PKA inhibitor infusion into the CeA during ethanol intake and NPY levels in the amygdala of NP rats. (A) Low-magnification views of NPY mRNA expression (in situ RT-PCR; upper panels) and NPY gold immunolabeling (lower panels) in the CeA of NP rats with or without PKA inhibitor infusion during ethanol exposure. Inset shows the immuno-gold particles in a cell body at high magnification (×100). Scale bar: 40 μm. (B) Effects of voluntary ethanol exposure and PKA inhibitor infusion into the CeA on mRNA and protein levels of NPY in the CeA, MeA, and BLA structures of NP rats.

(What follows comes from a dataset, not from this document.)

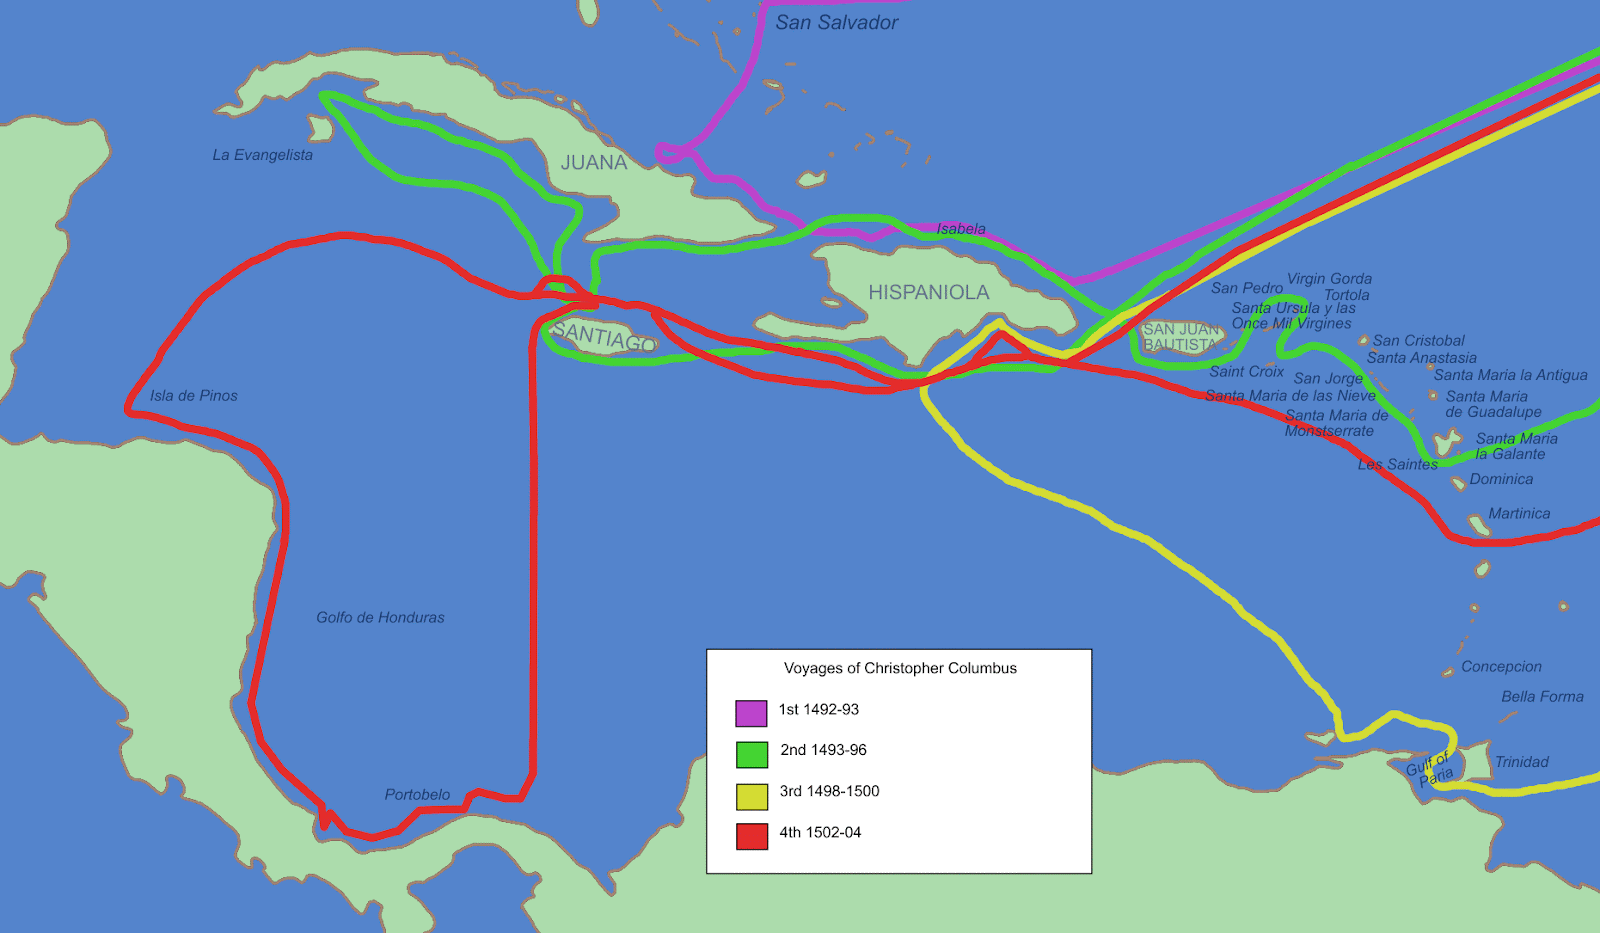 Map of the Bahamas illustrating the four voyages undertaken by Columbus, extending throughout the region.

Values represent the mean ± SEM of 5 rats in each group. *P <0.001 versus respective controls.

Figure 13

Molecular mechanisms in the neural circuitry of the CeA of P rats for genetic predisposition to anxiety and alcohol-drinking behaviors. The data collected in the present study suggest that decreased function of CREB (within the CREB→p-CREB→NPY system) in CeA neurocircuitry may be responsible for high anxiety levels and excessive alcohol-drinking behaviors of P rats. Thus, decreased CREB, p-CREB, and NPY levels represent a pre-existing genetic condition for anxiety and alcoholism. The ethanol exposure (blue arrows) causes an increase in active PKA and CREB phosphorylation and thereby increases NPY expression and attenuates anxiety behavior. PKA activator has the ability to mimic the action of alcohol on PKA and CREB phosphorylation and NPY expression in the CeA of P rats. NPY infusion into the CeA also attenuates anxiety and alcohol intake in P rats. CREB may also alter the expression of other CREB target genes (23), whose function needs to be evaluated in future studies of anxiety and alcohol-drinking behaviors in P rats. Red arrows indicate the increase or decrease of signaling protein levels.